Caro: Well, as I said, certainly not solely because of his personality, but I think in this equation of different factors, his personality has an unusually strong weight because his personality was an unusually strong personality. I mean he just dominated the Senate when he was Majority Leader, and he dominated Washington when he was President to an extent that few Presidents do.

Heffner: Does that make you, of necessity, a what… an examiner of personality, a psychologist, a psychiatrist, rather than an historian, an economist, a political scientist? If personality looms so large, mustn’t your credentials then, and your orientation, be different than when you’re saying “here is an historical event, here’s one that can be understood in terms economic or political or social pressures.”

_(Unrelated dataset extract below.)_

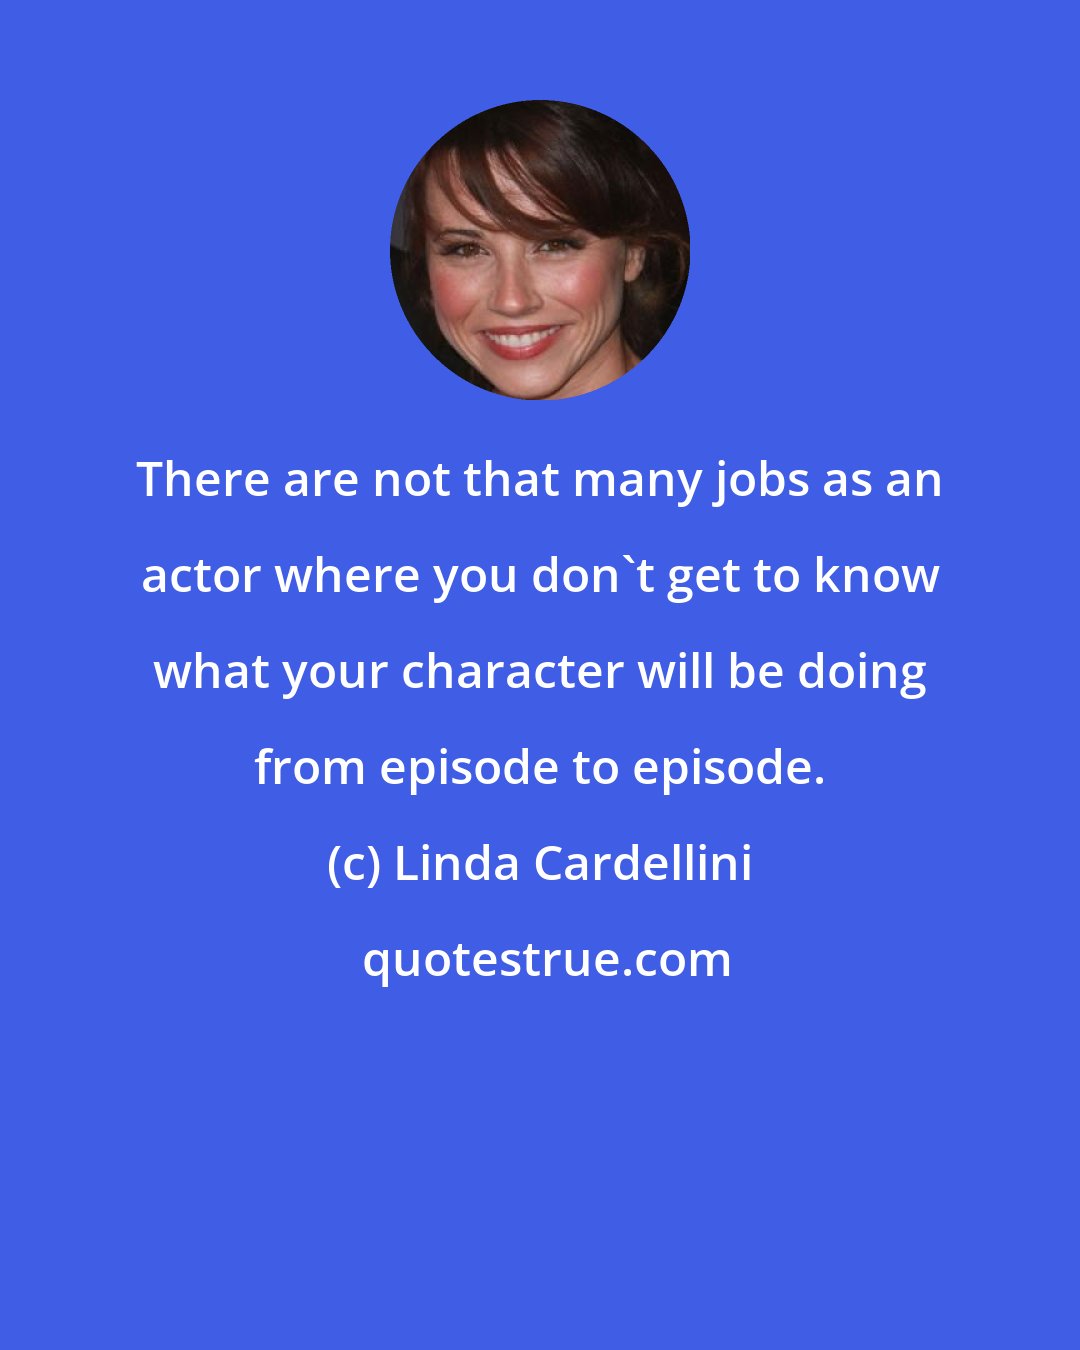 Linda Cardellini: There are not that many jobs as an actor where you don't get to know what your character will be doing from episode to episode.

Caro: No, I wouldn’t agree with that. I think that you have to try to understand the personality of the person that you’re writing about, first of all. But then you have to put that personality into the forces of history. Let’s take the first volume on a very small scale, when he was Congressman for the 10th Congressional District in Texas. When he became Congressman of that district, this was one of the most isolated and remote areas of the United States, and terribly poor, terribly poor. These people didn’t have electricity, and there seemed to be no way of bringing them electricity, and he promised, when he was running for Congress, that if he was elected, he was only 28 years old, he would bring electricity to the hill country. Now it really seemed impossible to bring… there was no dam, there was no source of hydro-electric power, there was no way to get the lines out there and the Rural Electrification Administration just laughed, you know, it was such a sparsely populated area, they weren’t going to lay lines out there. The story of how he brought electricity to these people, and really brought their lives into the twentieth century, is a story of you say “here is this personality, a genius in government.” He could do what no one else could do, not only a genius, but he had this driving force, that he would surmount all these obstacles, and he did. So that’s the personality side. The other side is that Franklin Roosevelt had created the Rural Electrification Administration, his personality wouldn’t have helped without that. So you have to try to bring the two things together.

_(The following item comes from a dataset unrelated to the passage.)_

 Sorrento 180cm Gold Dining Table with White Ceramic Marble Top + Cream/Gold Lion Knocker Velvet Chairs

Heffner: Would you… you’ve studied now two extraordinary men, Robert Moses, Lyndon Johnson. You focused on the role of personality in the development of power. I’d come back again to the question of the degree to which you either must be, or do become, something of a psychoanalyst.

Caro: Well, I don’t think that I become that at all. You know, I think it’s my job to try and examine, to find out, which in Lyndon Johnson’s case was very difficult, the true facts of the formative years of his life, of his college years, his youth, his early… to find out those facts and lay them out before the reader. I try not to psychoanalyze, and not to make deductions, psychoanalytical deductions. I’m not a psycho historian. I think, however, that to understand someone, we can see patterns in Lyndon Johnson’s life that go all the way back. You know the same patterns repeat themselves in Lyndon Johnson’s life from his college. I could go back before, but from his college… there’s always a dark side as well as a bright side of Lyndon Johnson, and we see it in stolen elections, people talk about the ‘87 vote election, the landslide Lyndon election of 1948, when he got to the Senate. Well, when we go back, when I interviewed his classmates and roommates at college, one of them laughed and said “you know, when I read about the ‘87 vote election, I just laugh, because I was part of the first election that he stole, which was back at college.” Then when we see he gets to Washington, and he wants to be the head of an organization called the Little Congress which was just Congressional Administrative Aides and Secretaries, we see again the same type of tactics in elections. Now, you can also say, on the bright side of Lyndon Johnson, before he was even a Congressman and brought electricity, he was a secretary to a Congressman. He succeeded, when Roosevelt passed the legislation creating the… 15:00

Caro: I think it’s the Federal Farm Home Loan Board, mortgage agencies for farms, it didn’t seem to have any application to the people of his district because they were so poor, they were so far behind in their taxes and mortgages, that it seemed that this legislation couldn’t affect them. The legislation was passed on a Friday, on the Tuesday the sheriff was going to nail up the foreclosure notices on whatever the figure is, it’s in my book, say forty-seven homes, in Newacies County. Between Friday and Tuesday, this 23-year-old secretary had to number one, figure out a way, out of his own mind because he had no one to help him, of adapting this legislation to his farm district. He had to get in touch with governors, the governors of the Federal Home Loan Board, and persuade them to accept this, he had to get appraisers out to appraise these houses, and he had to get the farmers, the banks, and the Federal Home Loan, or whatever (laughter) the title is, all to agree by Tuesday. And he did it. That is political genius. That is the bright side of Lyndon Johnson.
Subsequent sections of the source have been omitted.